I mentioned to my parents the other day that I’ve grown tired of the books that journalists write (especially Pulitzer Prize winning journalists).

A writing style grows very differently in a newspaper. It’s intended to hook and impress and (at best) elicit emotion. In books I find that annoying. Who cares about the people, what car he drives… Who cares about the “human interest”. Tell me what the idea is, and why I should care.

I also told my parents that that might be the result in part of having a very slow computer for the past few years, so that I was frustrated at inconsequential news because it wasted my time with stupidity & with slow load times. Or it could be my personality. I’ve often thought that I am a conservative person, in things besides my politics.

But maybe it’s just the sign of the times. People today are inundated with so much information that it seems inevitable that we will somehow find ways to slim down our intake to make it easier to digest.

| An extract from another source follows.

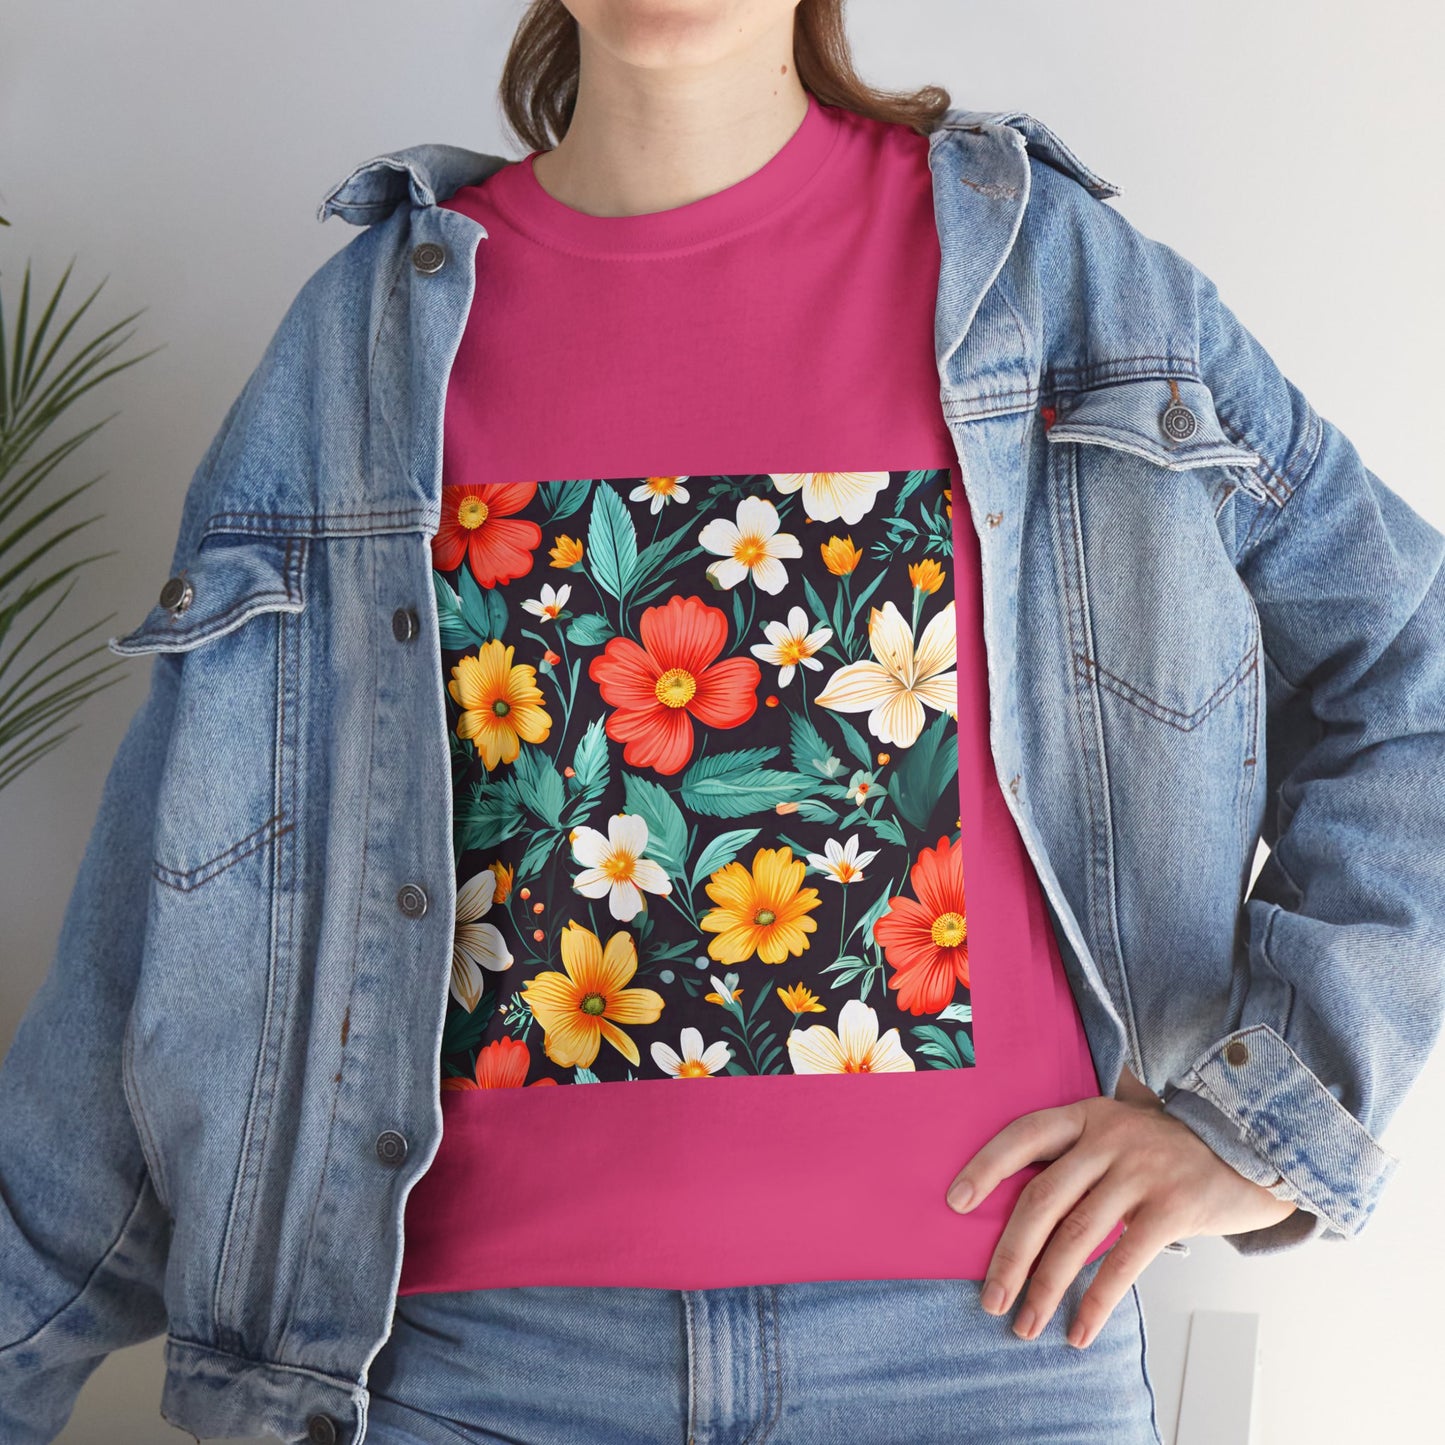 T-shirt - Blomster mønster 2

What if we took all our educational materials, and taught the issues instead of the history? I think that’s because we need history to make us remember that there’s been right and wrong answers before. Entire societies based on other ways of belief.

I don’t at all feel sorry that Gaming the Vote had all this extraneous information, because I feel like it contributed to my universal framework of information.

In case you got to this point, I’m leaving this message: no, there is no conclusion to this. I am on the phone and need to get up early tomorrow. Dinner must be made.